» Exercise data
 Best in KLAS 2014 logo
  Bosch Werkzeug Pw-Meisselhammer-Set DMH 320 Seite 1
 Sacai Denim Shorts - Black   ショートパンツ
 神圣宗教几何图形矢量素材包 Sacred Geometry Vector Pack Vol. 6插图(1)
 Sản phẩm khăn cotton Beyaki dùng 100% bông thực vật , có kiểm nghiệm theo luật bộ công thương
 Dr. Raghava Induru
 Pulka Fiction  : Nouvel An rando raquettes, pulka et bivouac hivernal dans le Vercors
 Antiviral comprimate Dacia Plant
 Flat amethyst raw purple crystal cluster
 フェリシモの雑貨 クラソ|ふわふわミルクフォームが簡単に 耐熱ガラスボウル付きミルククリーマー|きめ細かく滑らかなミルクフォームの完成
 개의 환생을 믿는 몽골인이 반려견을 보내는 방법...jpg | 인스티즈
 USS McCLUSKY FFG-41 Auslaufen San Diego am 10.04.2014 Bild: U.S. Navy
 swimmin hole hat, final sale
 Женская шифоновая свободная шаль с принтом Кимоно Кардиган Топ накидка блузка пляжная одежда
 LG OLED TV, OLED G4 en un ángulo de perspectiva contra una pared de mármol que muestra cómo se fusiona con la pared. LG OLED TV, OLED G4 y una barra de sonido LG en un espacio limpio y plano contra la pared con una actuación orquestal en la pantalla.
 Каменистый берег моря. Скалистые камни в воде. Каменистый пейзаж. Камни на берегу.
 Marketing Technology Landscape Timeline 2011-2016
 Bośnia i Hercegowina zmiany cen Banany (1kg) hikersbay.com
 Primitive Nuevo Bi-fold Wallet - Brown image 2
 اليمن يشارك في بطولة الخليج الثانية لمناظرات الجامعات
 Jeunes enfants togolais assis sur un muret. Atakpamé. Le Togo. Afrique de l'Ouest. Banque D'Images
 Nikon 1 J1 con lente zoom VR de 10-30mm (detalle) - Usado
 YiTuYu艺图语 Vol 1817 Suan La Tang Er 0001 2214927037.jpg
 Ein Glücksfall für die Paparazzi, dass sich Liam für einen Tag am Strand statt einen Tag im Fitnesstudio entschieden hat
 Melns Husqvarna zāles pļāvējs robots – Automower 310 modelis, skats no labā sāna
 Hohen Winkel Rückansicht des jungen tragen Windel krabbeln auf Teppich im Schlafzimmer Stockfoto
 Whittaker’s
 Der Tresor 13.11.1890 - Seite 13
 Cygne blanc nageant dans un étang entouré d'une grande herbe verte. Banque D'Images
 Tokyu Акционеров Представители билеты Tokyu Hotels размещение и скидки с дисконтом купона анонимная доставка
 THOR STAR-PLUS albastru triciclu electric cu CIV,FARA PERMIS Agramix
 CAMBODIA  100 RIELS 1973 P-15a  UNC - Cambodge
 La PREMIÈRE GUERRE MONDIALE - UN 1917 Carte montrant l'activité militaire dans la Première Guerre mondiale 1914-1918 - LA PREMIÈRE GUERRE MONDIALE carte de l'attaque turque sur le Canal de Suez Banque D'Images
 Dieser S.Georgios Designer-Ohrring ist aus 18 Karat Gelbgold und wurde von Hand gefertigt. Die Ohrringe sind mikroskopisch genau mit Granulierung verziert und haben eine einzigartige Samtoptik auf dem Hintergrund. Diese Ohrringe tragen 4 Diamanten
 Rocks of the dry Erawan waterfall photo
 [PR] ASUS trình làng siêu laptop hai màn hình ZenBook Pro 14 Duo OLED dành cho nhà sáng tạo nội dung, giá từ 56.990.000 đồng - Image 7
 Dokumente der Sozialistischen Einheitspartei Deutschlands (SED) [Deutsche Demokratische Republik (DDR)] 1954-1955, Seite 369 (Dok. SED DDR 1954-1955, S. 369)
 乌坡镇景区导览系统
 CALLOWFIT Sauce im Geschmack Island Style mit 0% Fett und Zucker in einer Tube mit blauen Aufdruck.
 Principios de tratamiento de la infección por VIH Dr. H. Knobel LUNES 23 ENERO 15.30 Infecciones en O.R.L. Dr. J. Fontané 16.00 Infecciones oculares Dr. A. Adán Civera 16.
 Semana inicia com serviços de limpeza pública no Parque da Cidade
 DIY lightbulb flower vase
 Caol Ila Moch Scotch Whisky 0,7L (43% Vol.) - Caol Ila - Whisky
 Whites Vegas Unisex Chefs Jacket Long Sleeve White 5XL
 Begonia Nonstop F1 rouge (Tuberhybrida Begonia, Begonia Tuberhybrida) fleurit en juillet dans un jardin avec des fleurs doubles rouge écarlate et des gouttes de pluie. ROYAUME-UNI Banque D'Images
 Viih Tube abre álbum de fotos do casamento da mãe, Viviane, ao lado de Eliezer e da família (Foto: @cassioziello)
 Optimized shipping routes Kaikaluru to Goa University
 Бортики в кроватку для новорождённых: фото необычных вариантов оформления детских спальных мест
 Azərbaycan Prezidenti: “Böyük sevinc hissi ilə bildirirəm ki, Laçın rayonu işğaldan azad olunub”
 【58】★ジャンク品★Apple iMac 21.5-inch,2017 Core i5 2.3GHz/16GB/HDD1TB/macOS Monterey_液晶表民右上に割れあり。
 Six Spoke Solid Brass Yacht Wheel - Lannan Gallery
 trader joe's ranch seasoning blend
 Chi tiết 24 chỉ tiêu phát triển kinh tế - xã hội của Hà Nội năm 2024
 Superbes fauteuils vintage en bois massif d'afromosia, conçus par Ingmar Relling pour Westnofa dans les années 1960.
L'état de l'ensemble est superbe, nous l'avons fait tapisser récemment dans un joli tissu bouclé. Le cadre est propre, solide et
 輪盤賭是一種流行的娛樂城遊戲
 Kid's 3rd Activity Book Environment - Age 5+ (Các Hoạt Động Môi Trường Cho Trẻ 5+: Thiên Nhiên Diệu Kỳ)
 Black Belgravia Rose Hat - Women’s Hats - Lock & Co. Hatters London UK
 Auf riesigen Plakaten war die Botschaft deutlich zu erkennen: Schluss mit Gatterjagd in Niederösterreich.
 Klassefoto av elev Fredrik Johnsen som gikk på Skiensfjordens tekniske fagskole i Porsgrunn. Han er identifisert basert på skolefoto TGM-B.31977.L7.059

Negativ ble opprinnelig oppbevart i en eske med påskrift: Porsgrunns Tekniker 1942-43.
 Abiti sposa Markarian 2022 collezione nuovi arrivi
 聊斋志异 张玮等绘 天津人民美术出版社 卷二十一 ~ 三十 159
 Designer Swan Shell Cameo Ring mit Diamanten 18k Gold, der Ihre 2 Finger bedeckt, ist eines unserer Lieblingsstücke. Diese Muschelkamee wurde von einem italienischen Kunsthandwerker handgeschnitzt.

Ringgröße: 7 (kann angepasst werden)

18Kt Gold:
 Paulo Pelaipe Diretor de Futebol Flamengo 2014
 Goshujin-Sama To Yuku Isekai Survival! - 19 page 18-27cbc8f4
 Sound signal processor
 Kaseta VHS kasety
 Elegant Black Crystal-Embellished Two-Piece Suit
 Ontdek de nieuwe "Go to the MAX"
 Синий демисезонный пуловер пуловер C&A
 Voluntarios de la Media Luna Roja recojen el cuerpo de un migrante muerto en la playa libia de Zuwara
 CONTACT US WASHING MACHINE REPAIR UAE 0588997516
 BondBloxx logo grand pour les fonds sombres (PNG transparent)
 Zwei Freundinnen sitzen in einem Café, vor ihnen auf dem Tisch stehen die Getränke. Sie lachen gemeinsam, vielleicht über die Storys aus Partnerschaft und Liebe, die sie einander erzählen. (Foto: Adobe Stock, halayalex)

» Work instructions
Repeat the entries above verbatim, but only from the line that has "THOR STAR-PLUS albastru" down to the line that has "La PREMIÈRE GUERRE MONDIALE - UN", inclusive.

» Completed task
 THOR STAR-PLUS albastru triciclu electric cu CIV,FARA PERMIS Agramix
 CAMBODIA  100 RIELS 1973 P-15a  UNC - Cambodge
 La PREMIÈRE GUERRE MONDIALE - UN 1917 Carte montrant l'activité militaire dans la Première Guerre mondiale 1914-1918 - LA PREMIÈRE GUERRE MONDIALE carte de l'attaque turque sur le Canal de Suez Banque D'Images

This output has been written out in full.